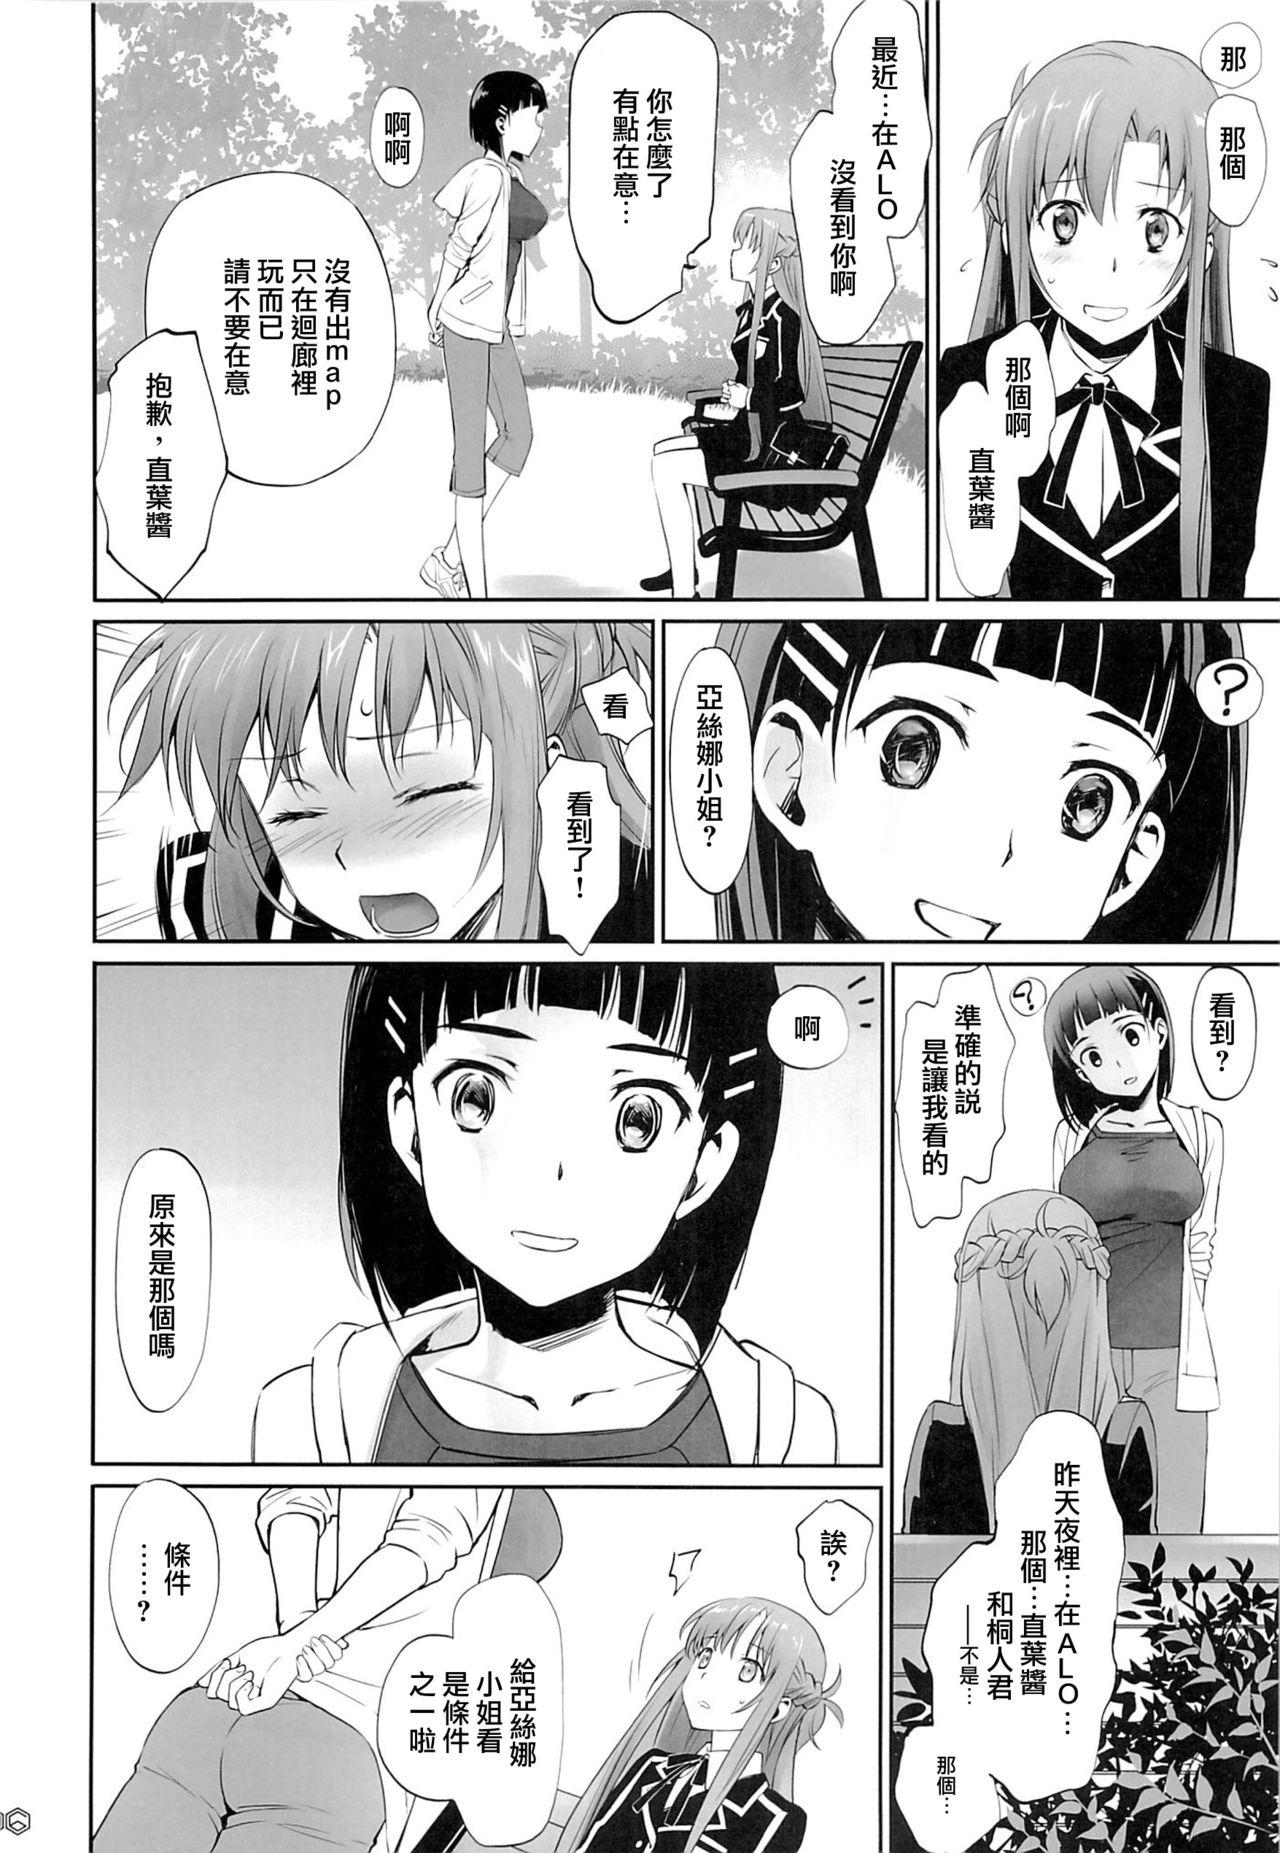 Oldvsyoung turnover - Sword art online Web Cam - Page 5
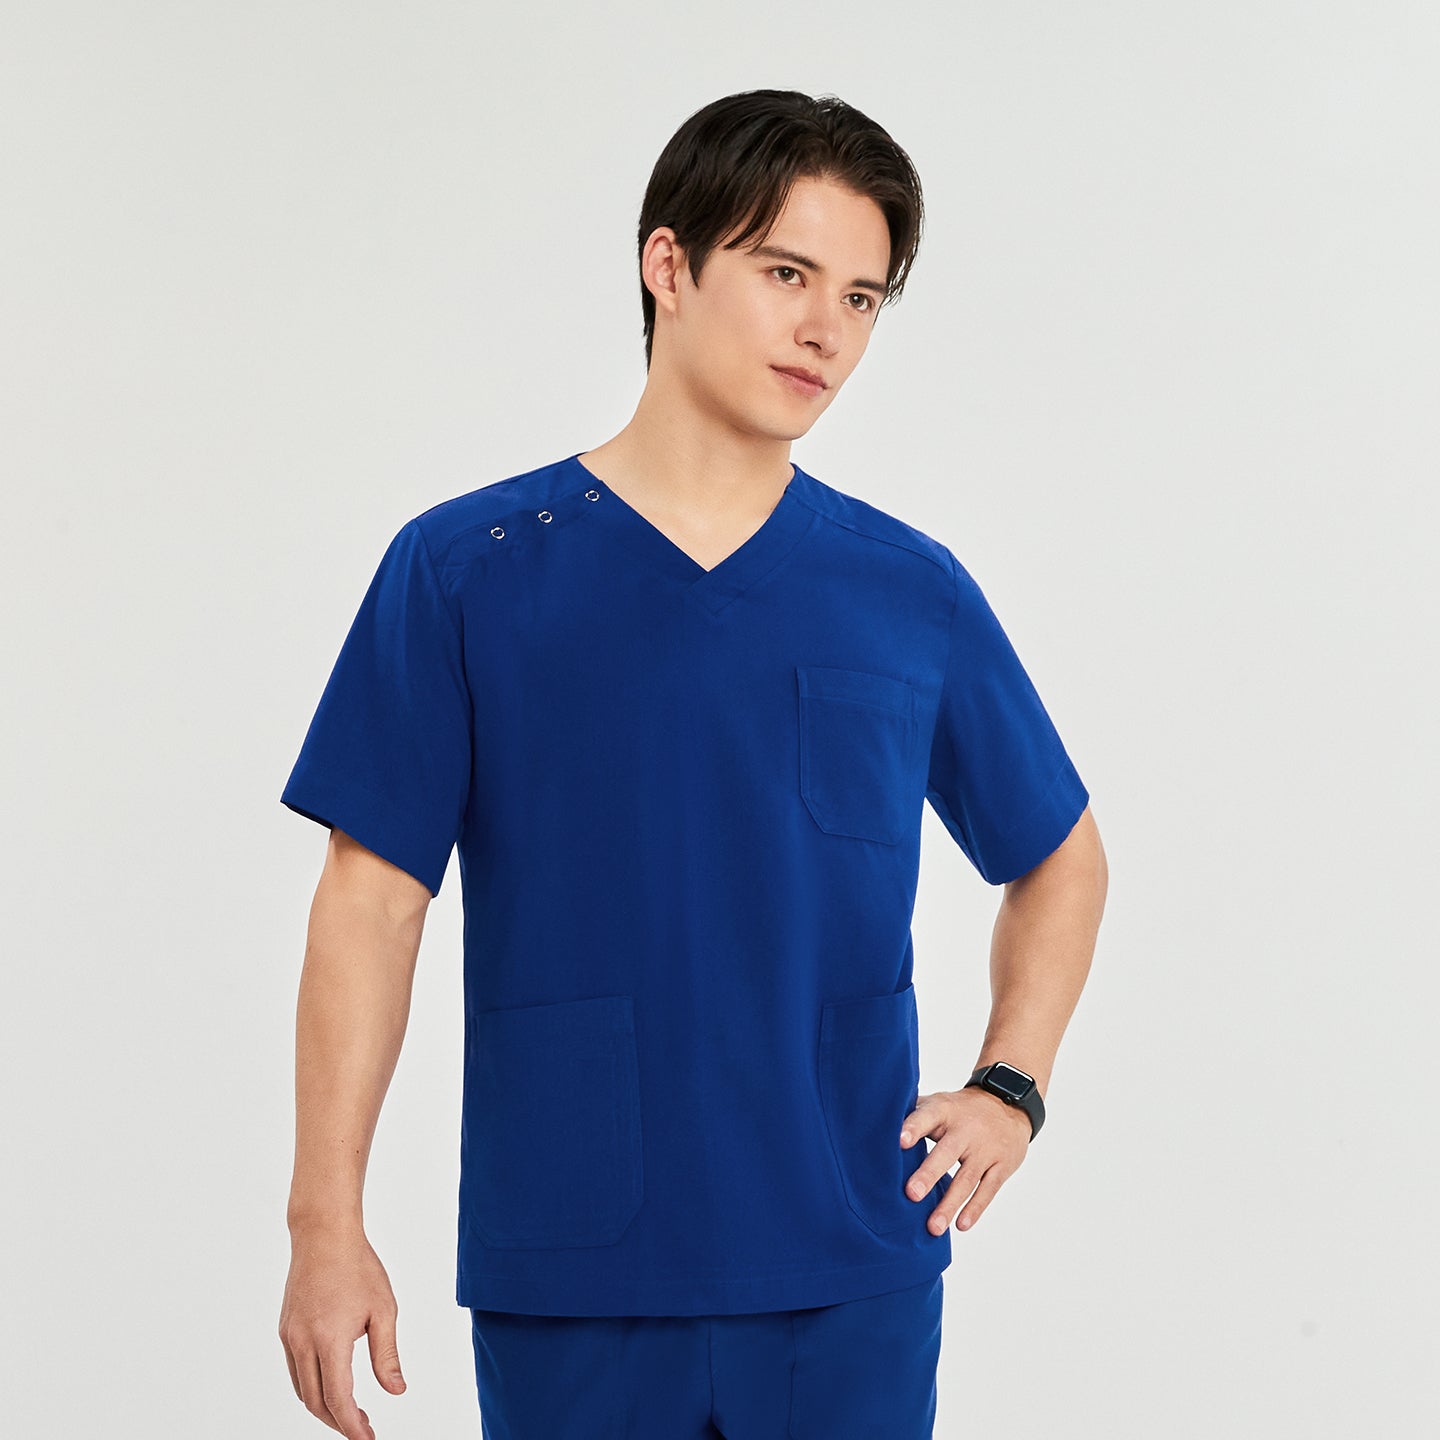  A man standing confidently, wearing a scrub top with a V-neck, three-button detail on the shoulder, and multiple pockets,Royal Blue
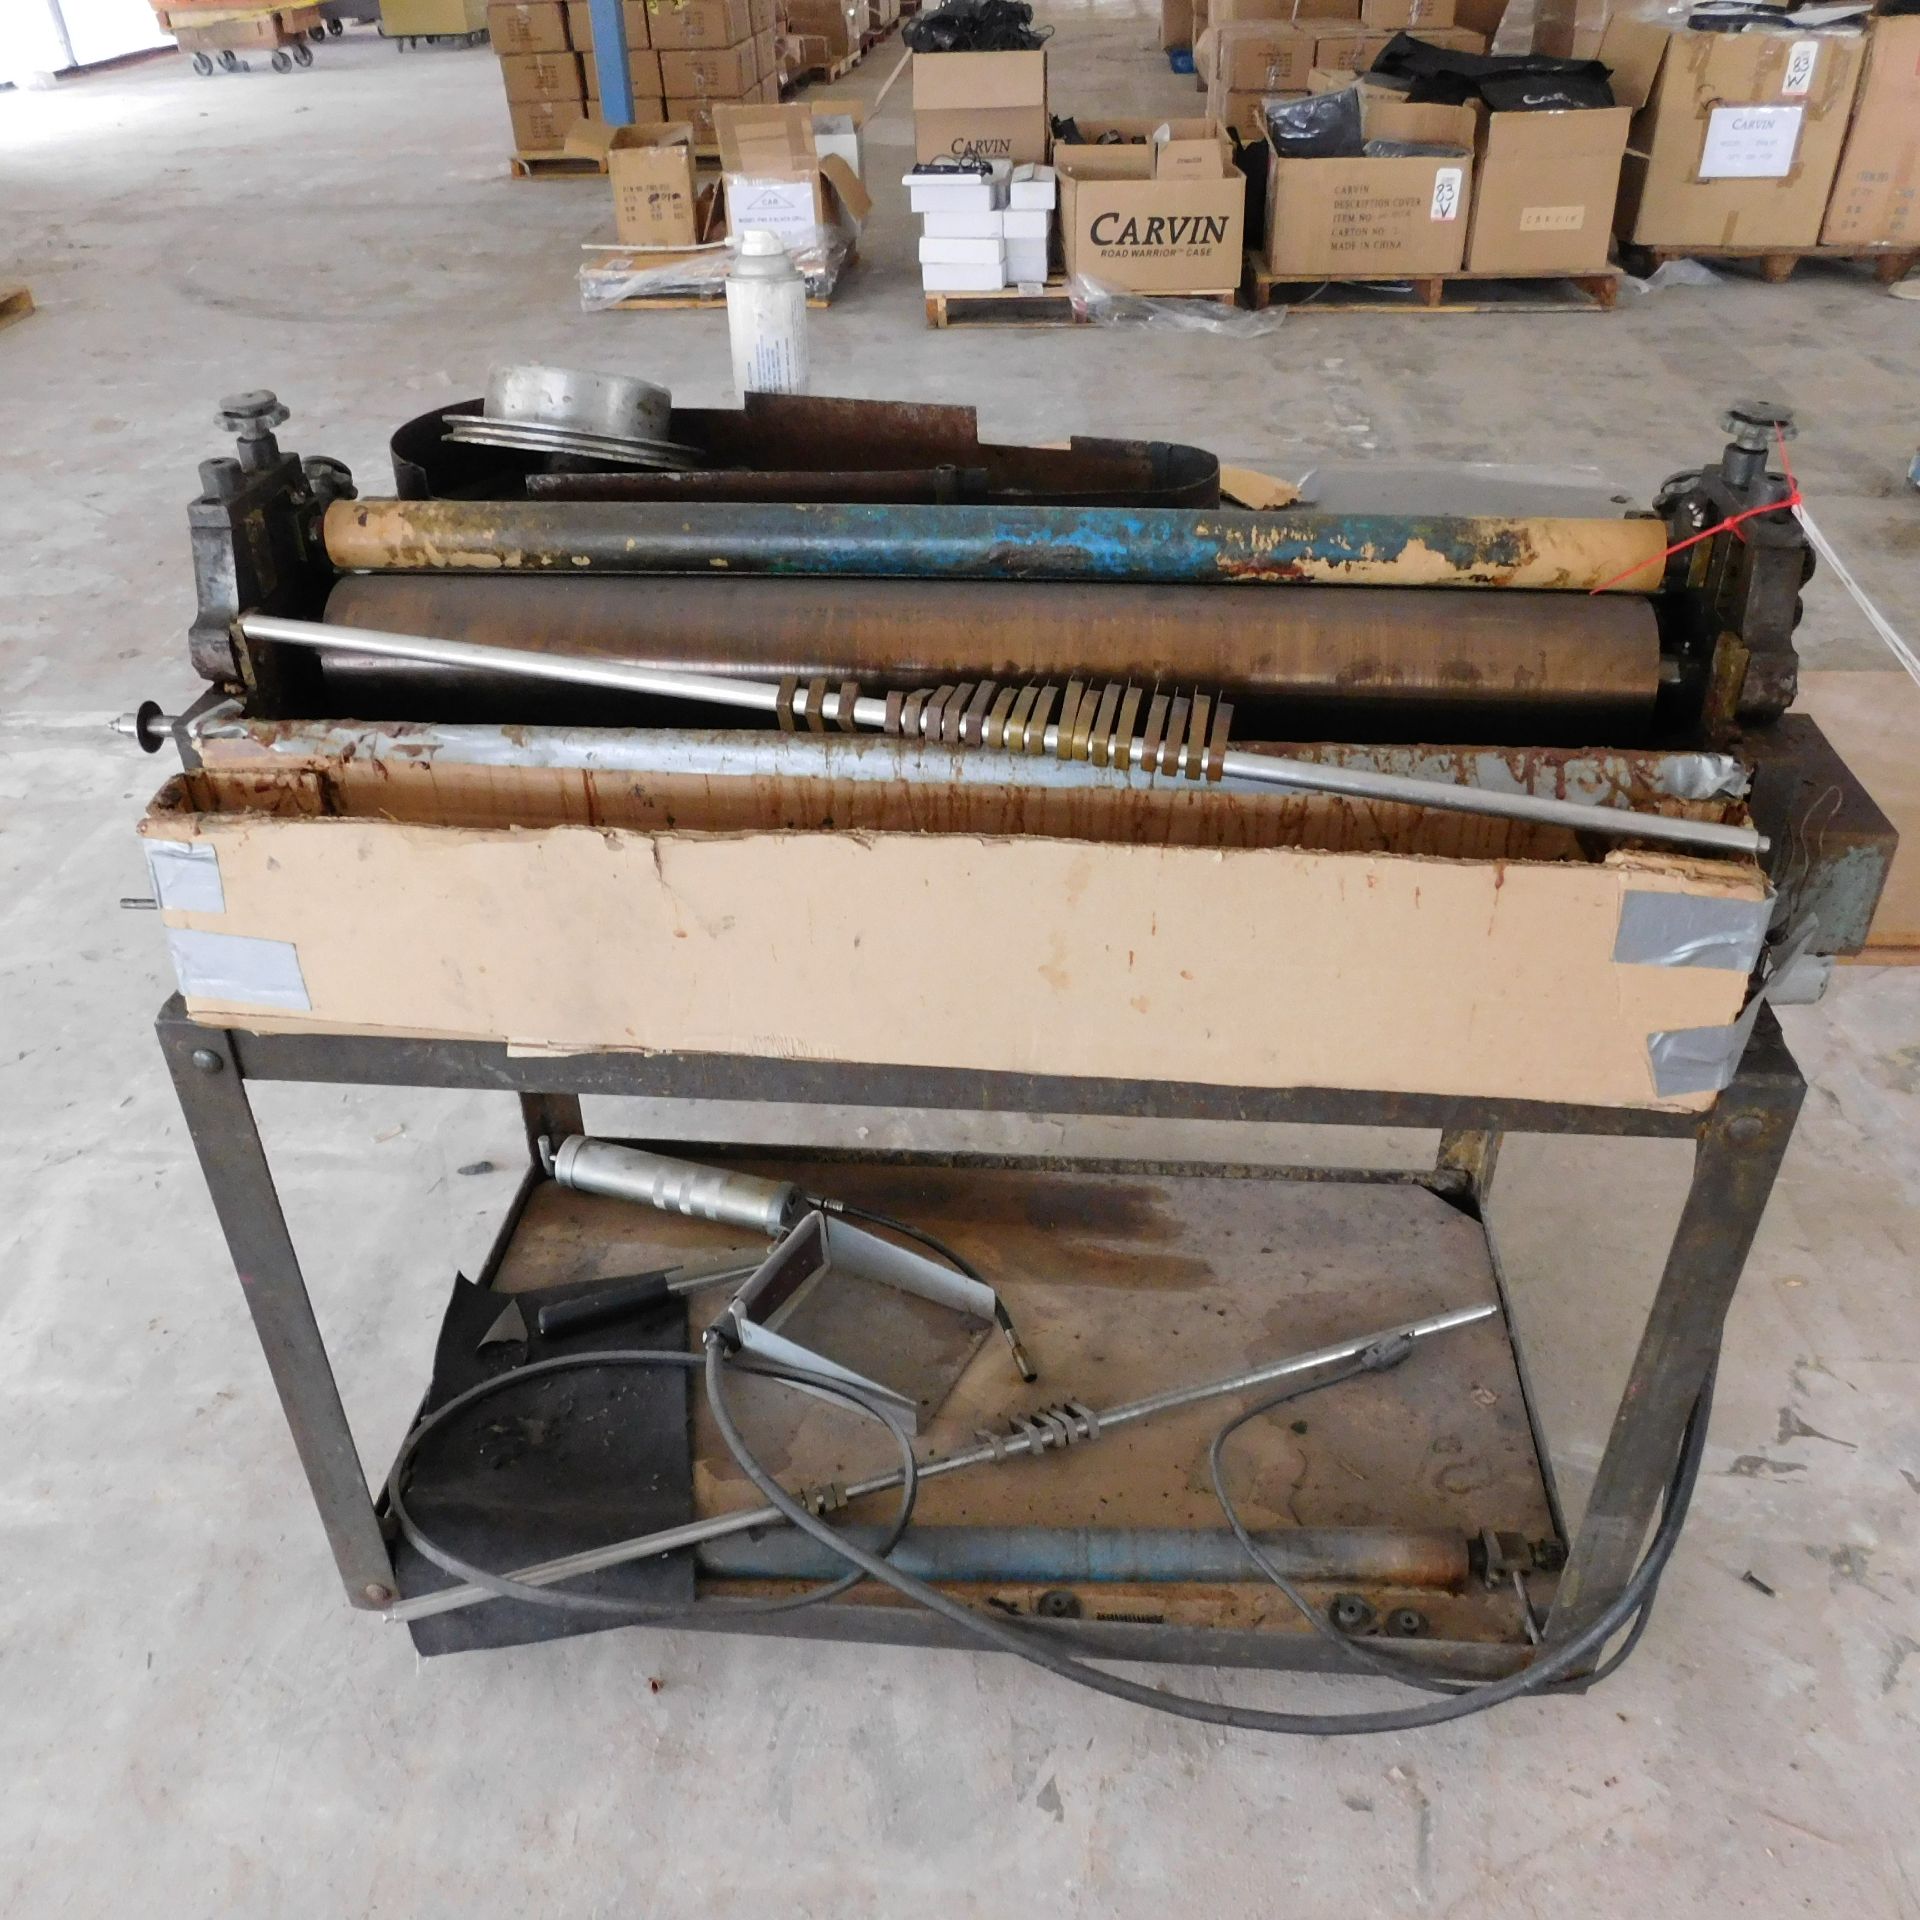 36" GLUE APPLICATION MACHINE, NEEDS WORK OR FOR PARTS

Task brief — Only the pictures are to be left out; repeat all other material exactly.

Answer for this exercise —
 Oldvsyoung turnover - Sword art online Web Cam - Page 5
  A man standing confidently, wearing a scrub top with a V-neck, three-button detail on the shoulder, and multiple pockets,Royal Blue
 36" GLUE APPLICATION MACHINE, NEEDS WORK OR FOR PARTS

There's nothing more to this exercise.